(Stored items)
┏━━
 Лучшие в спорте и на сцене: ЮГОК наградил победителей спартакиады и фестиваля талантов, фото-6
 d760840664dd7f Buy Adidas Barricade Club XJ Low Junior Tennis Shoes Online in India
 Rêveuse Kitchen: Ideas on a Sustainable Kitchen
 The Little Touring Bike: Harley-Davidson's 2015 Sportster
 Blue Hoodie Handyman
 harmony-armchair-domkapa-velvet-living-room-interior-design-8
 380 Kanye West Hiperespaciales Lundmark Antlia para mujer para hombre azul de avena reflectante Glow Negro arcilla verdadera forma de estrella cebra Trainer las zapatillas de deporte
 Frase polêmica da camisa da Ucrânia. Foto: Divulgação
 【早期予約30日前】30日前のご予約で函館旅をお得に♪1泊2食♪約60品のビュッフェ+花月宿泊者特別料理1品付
┗━━
Write the whole of the data out again exactly as it stands.

 Лучшие в спорте и на сцене: ЮГОК наградил победителей спартакиады и фестиваля талантов, фото-6
 d760840664dd7f Buy Adidas Barricade Club XJ Low Junior Tennis Shoes Online in India
 Rêveuse Kitchen: Ideas on a Sustainable Kitchen
 The Little Touring Bike: Harley-Davidson's 2015 Sportster
 Blue Hoodie Handyman
 harmony-armchair-domkapa-velvet-living-room-interior-design-8
 380 Kanye West Hiperespaciales Lundmark Antlia para mujer para hombre azul de avena reflectante Glow Negro arcilla verdadera forma de estrella cebra Trainer las zapatillas de deporte
 Frase polêmica da camisa da Ucrânia. Foto: Divulgação
 【早期予約30日前】30日前のご予約で函館旅をお得に♪1泊2食♪約60品のビュッフェ+花月宿泊者特別料理1品付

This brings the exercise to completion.